Pursuant to Section 178(3) of the Companies Act, 2013, and on recommendations of Nomination and Remuneration Committee, the Board adopted a remuneration policy for Directors, Key Management Personnel (KMPs) and Senior Management. Your Companys Policy on directors appointment and remuneration includes criteria for determining qualifications, positive attributes, independence of a director and other matters provided under section 178(3) of the Act and the Policy is available on the website of the Company, www.neulandlabs.com.
Code of Conduct for Board of Directors and Senior Management Personnel
The Directors and members of Senior Management have affirmed compliance with the Code of Conduct for Board of Directors and Senior Management Personnel of the Company. A declaration to this effect has been signed by the Chairman & Managing Director and forms part of the Annual Report.
Vigil Mechanism/ Whistle Blower Policy
Your Company has a Vigil Mechanism / Whistle Blower Policy which serves as a mechanism for its Directors and employees to report genuine concerns about unethical behaviour, actual or suspected fraud or violation of the Code of Conduct without fear of reprisal. The policy also provides access to the Chairperson of the Audit Committee under certain circumstances. The Whistle Blower Policy is available on the website of the Company at www.neulandlabs.com. A brief note on the Whistle Blower Policy is also provided in the Report on Corporate Governance, which forms part of this Annual Report.

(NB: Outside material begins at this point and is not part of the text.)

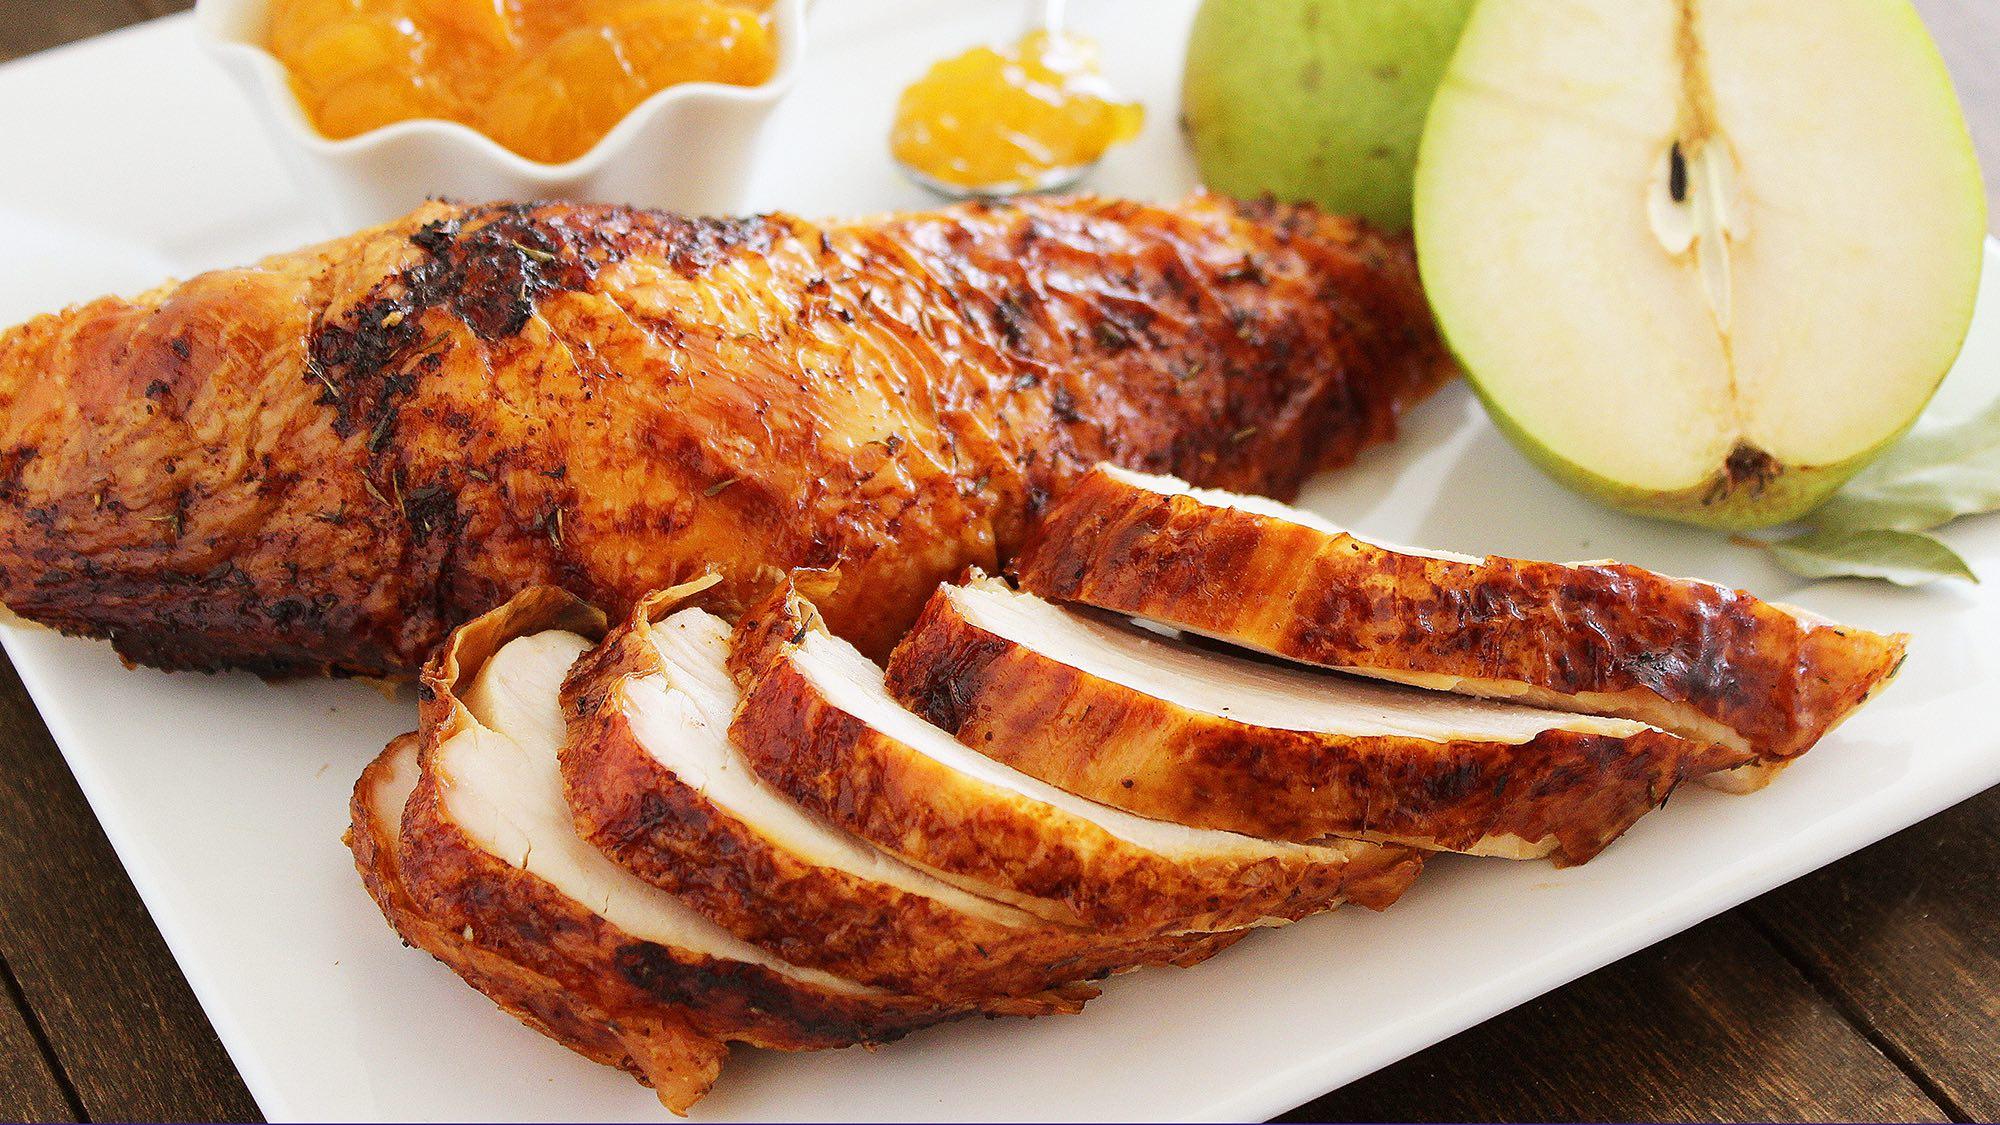 bay-leaf-and-honey-glazed-turkey-with-pear-chutney.jpg

Prevention of Insider Trading
Pursuant to SEBI (Prohibition of Insider Trading) (Amendment) Regulations, 2018, the Board of Directors have approved Code of Internal Procedures and Conduct for Regulating, Monitoring and Reporting of Trading by Designated Persons and their Immediate Relatives along with Code of Fair Disclosures, effective April 1, 2019.
Disclosure as per Sexual Harassment of Women at Workplace (Prevention, Prohibition and Redressal) Act, 2013
The Company is committed to ensure that there is no scope for sexual harassment at workplace and has adopted a policy on prevention, prohibition and redressal of sexual harassment at workplace in line with the provisions of Sexual Harassment of Women at Workplace (Prevention, Prohibition and Redressal) Act, 2013 and the rules framed thereunder. The Company has not received any complaints on sexual harassment during the calendar year 2018.
Employee Stock Option Scheme
As on March 31, 2019, no employee stock options are available in the Company and hence no disclosures are required to be made under Regulation 14 of the Securities and Exchange Board of India (Share Based Employee Benefits) Regulations, 2014 (the Regulations).
In terms of Section 139 of the Companies Act, 2013 ("the Act"), and the Companies (Audit and Auditors) Rules, 2014, made thereunder, the term of the present Statutory Auditors of the Company, M/s. Walker Chandiok & Co LLP, Chartered Accountants (Registration No. 001076N/N500013), will be expiring at the conclusion of the 35th Annual General Meeting of the Company.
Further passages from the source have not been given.